Guest blog post by Salim S. Abdool Karim & Quarraisha Abdool Karim
Co-Principal Investigators of the CAPRISA 004 Tenofovir Gel trial
On July 20, we announced, on behalf of our research team from the Centre for the AIDS Programme of Research (CAPRISA) in Durban, South Africa, that a microbicide gel—containing the antiretroviral drug tenofovir—reduces a woman’s chances of acquiring HIV by 39% and the genital herpes virus by 51%. Women who used the gel most consistently showed 54% protection against HIV infection. Now, for the first time in nearly three decades of research, we have a new technology, one that women can use and control, to prevent the sexual transmission of HIV.

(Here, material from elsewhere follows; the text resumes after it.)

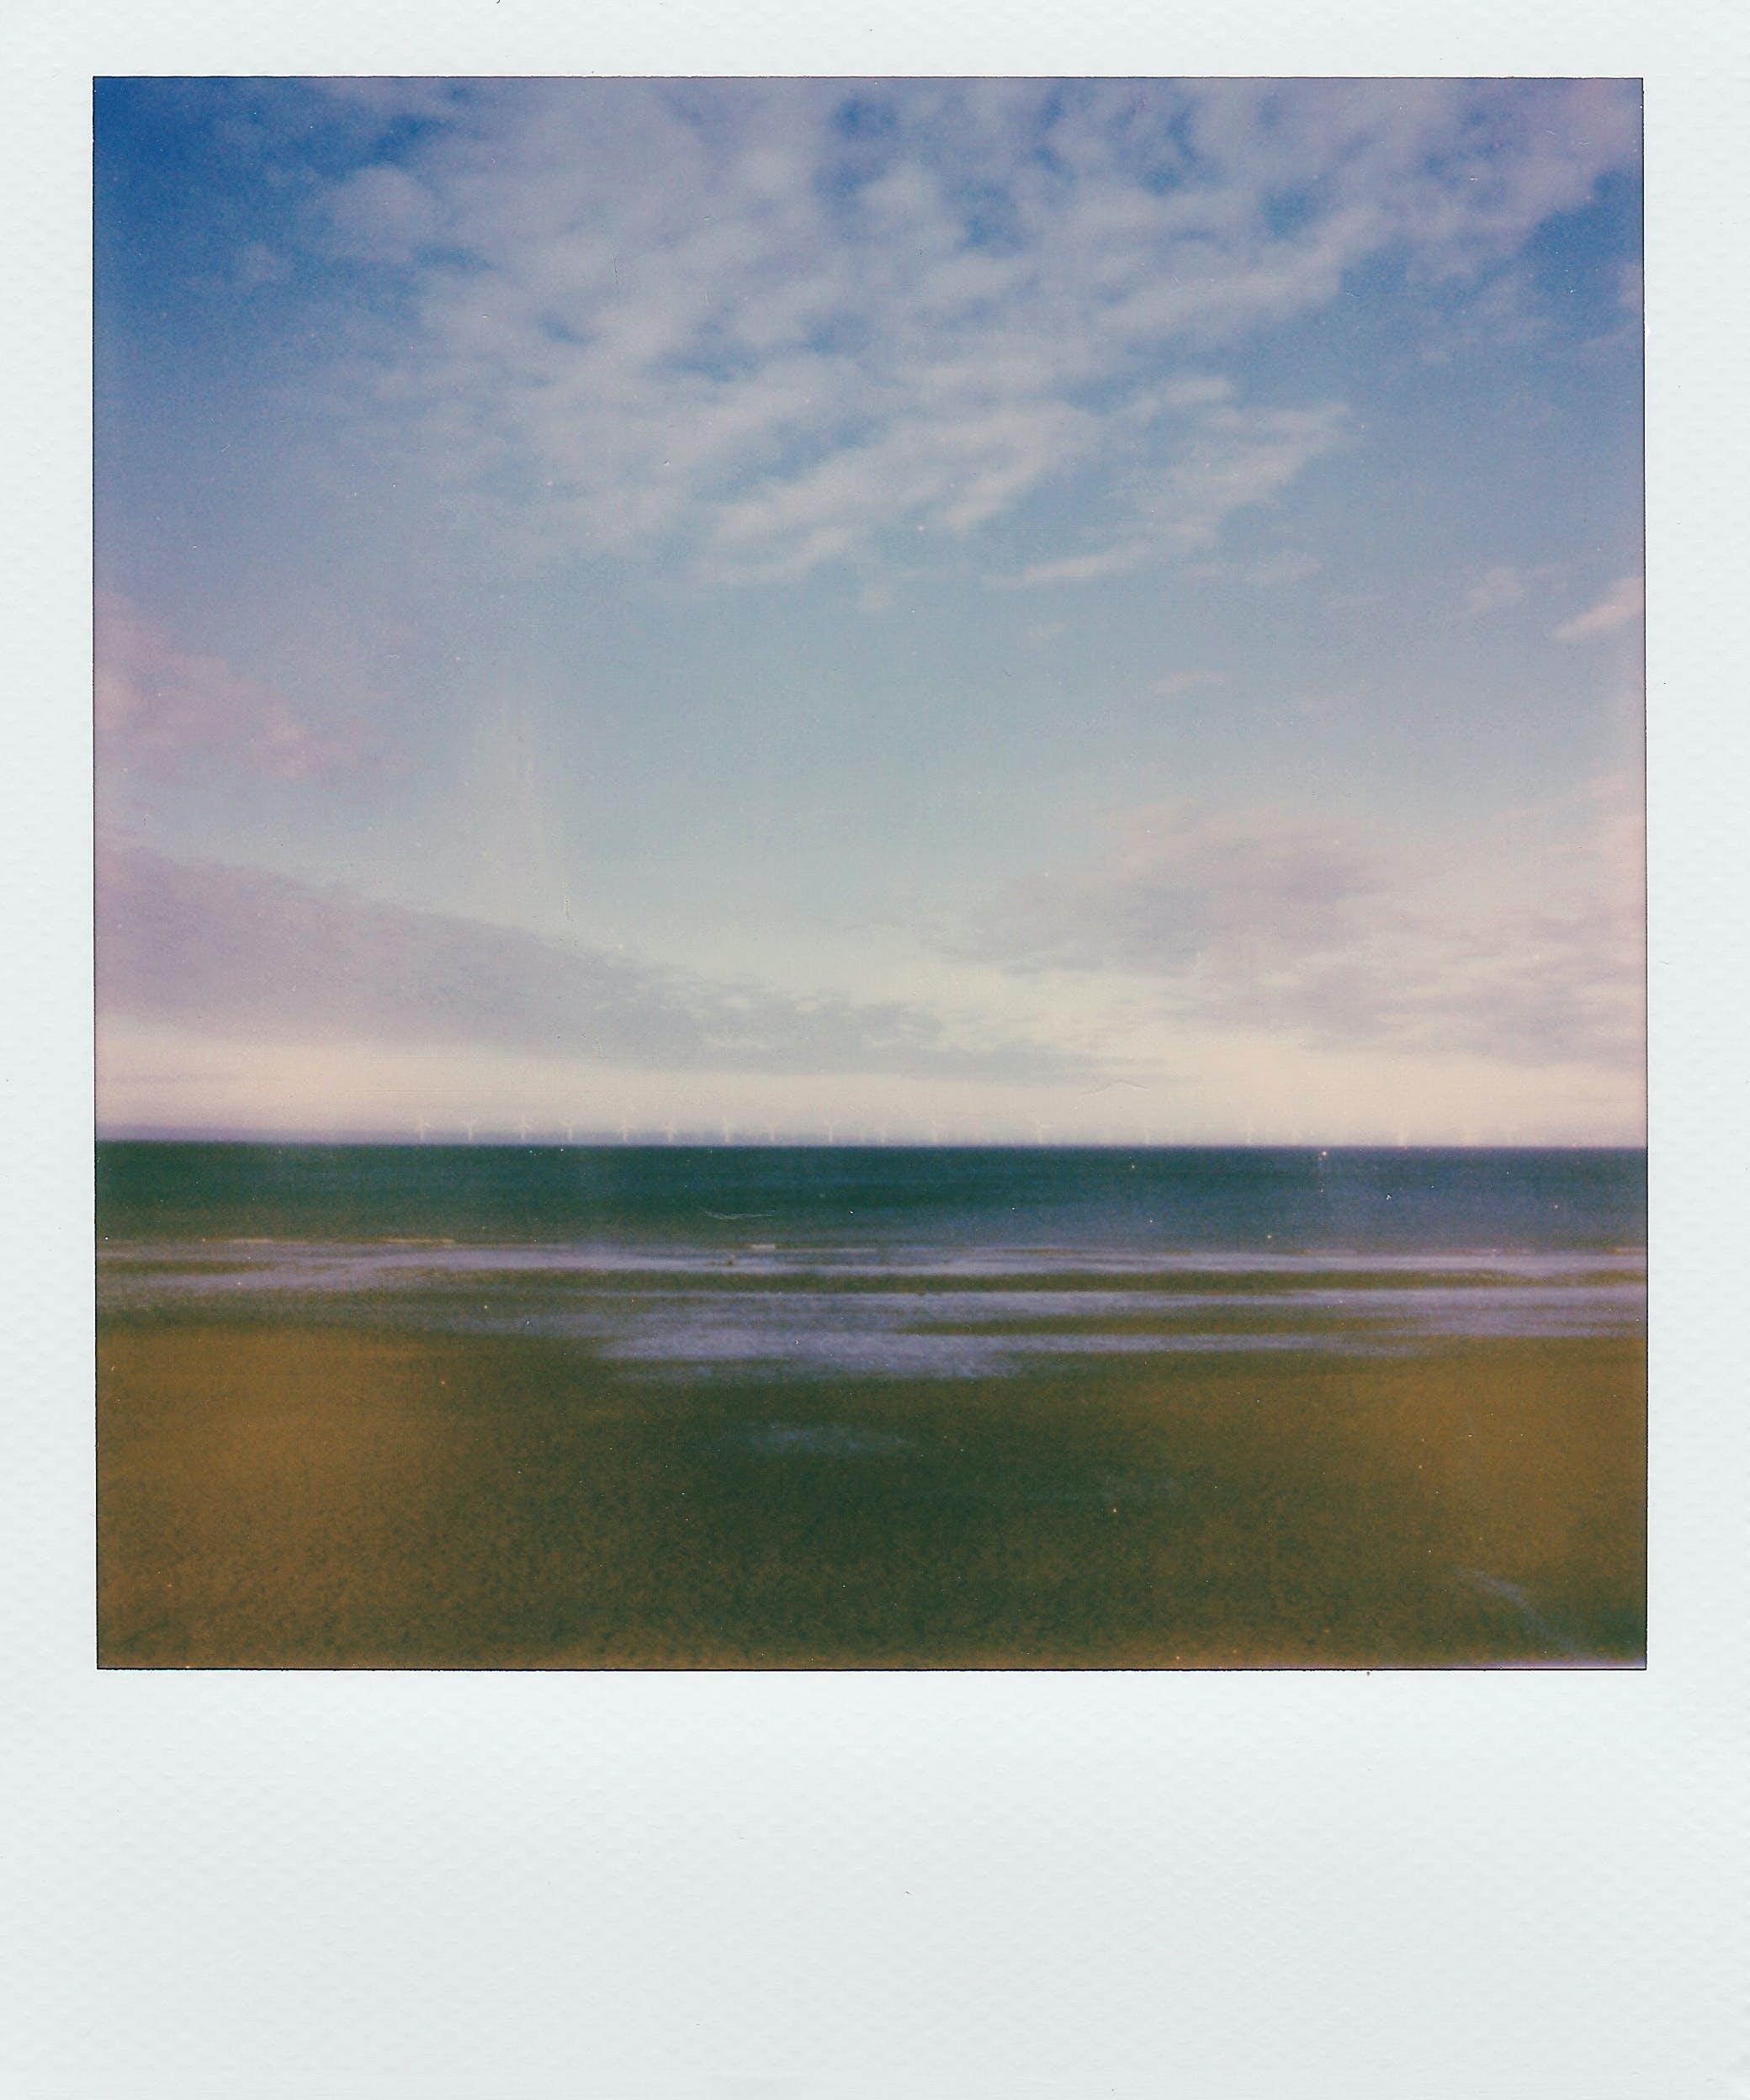 beach, clouds, daylight

All of us who have a stake in HIV prevention—scientists, policy-makers, international and community advocates and funders—now have greater impetus to accelerate the research on the use of antiretroviral based strategies for prevention. More than half a dozen trials are currently investigating oral or vaginal formulations of antiretroviral drugs. Many of these will be completed within the next two or three years, and other trials are urgently needed to corroborate and extend the results of the CAPRISA 004 trial. Specifically, additional safety information on use of tenofovir gel in pregnant women, women with hepatitis B virus infection, in women younger than 18 years and in women with renal impairment would be helpful to ease scale-up and wide-spread implementation with the eventual objective of regulatory licensure, a goal which may be another 3-5 years away.

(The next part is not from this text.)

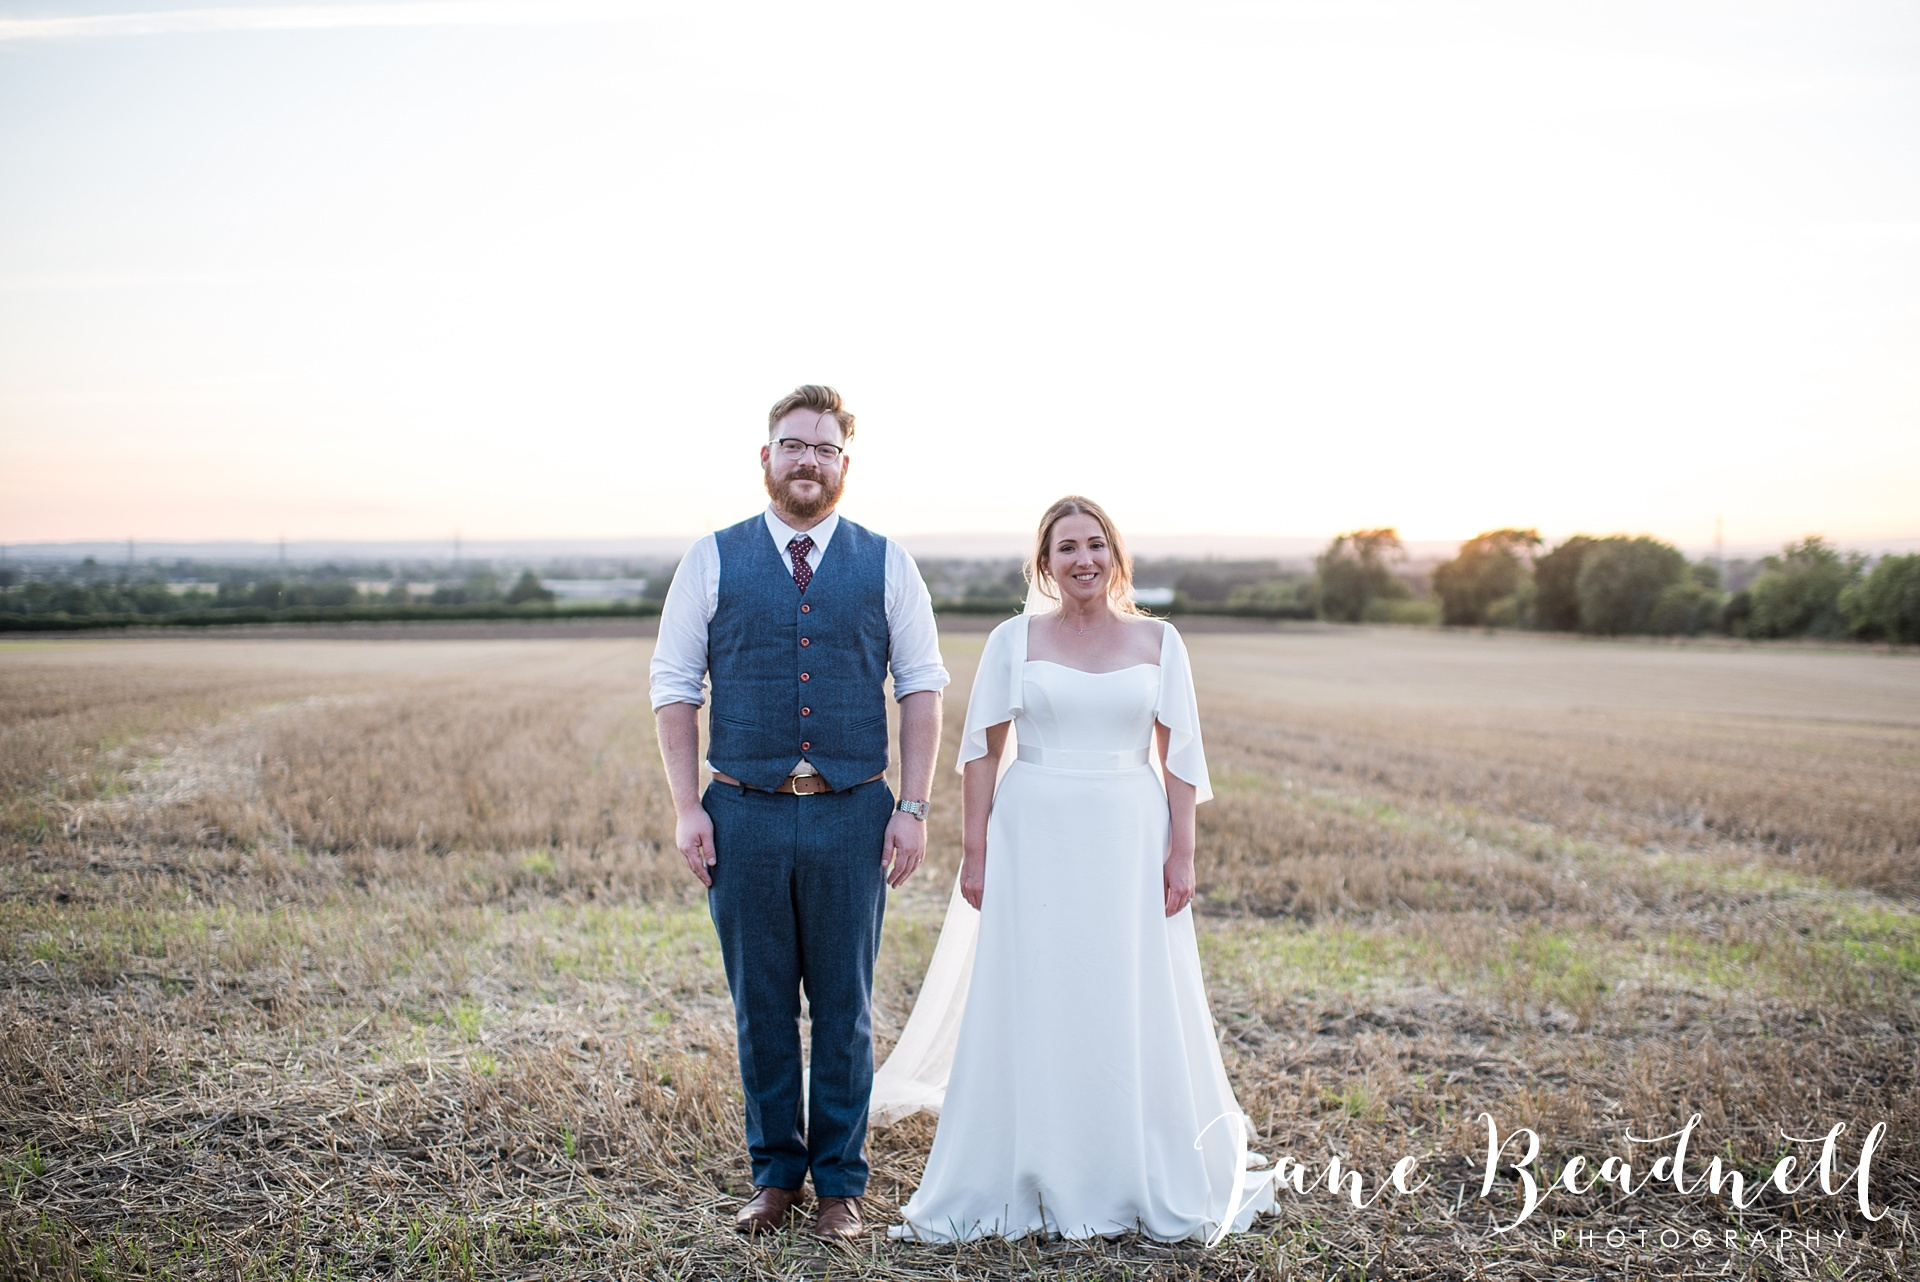 fine-art-wedding-photographer-jane-beadnell-yorkshire-wedding-photographer_0154

There are many challenges as we consider the next steps including the nature of the additional research required, the considerations in designing future implementation, plans to investigate methods of reducing cost of the gel and local manufacturing, etc. A laudable first step is the joint leadership of UNAIDS and WHO, with financial support from UNAIDS, WHO and USAID, in organizing a consultation of major stakeholders in late August, which is being hosted by the South African government, on the next steps for tenofovir gel. The task of preparing for future implementation in a timely fashion, is daunting. The potential of wide scale delivery of antiretroviral products for prevention will provide many challenges to scientists, public health practitioners, policy-makers and communities in considering the logistics of providing access to the most vulnerable populations. It will not be simple: the task raises enormous ethical, medical, and economic challenges. Small scale model implementation studies need to be initiated now to provide valuable information and guidance for expanding the future delivery of a topical or oral antiretroviral based prevention to national levels.
We are in the midst of a global economic downturn and competing priorities have diverted resources that might have expedited research on antiretroviral strategies for prevention. Governments, communities, funders, and health experts must work together to ensure that this new way of preventing HIV attains regulatory licensure expeditiously and becomes readily available and accessible to women globally as soon as possible thereafter.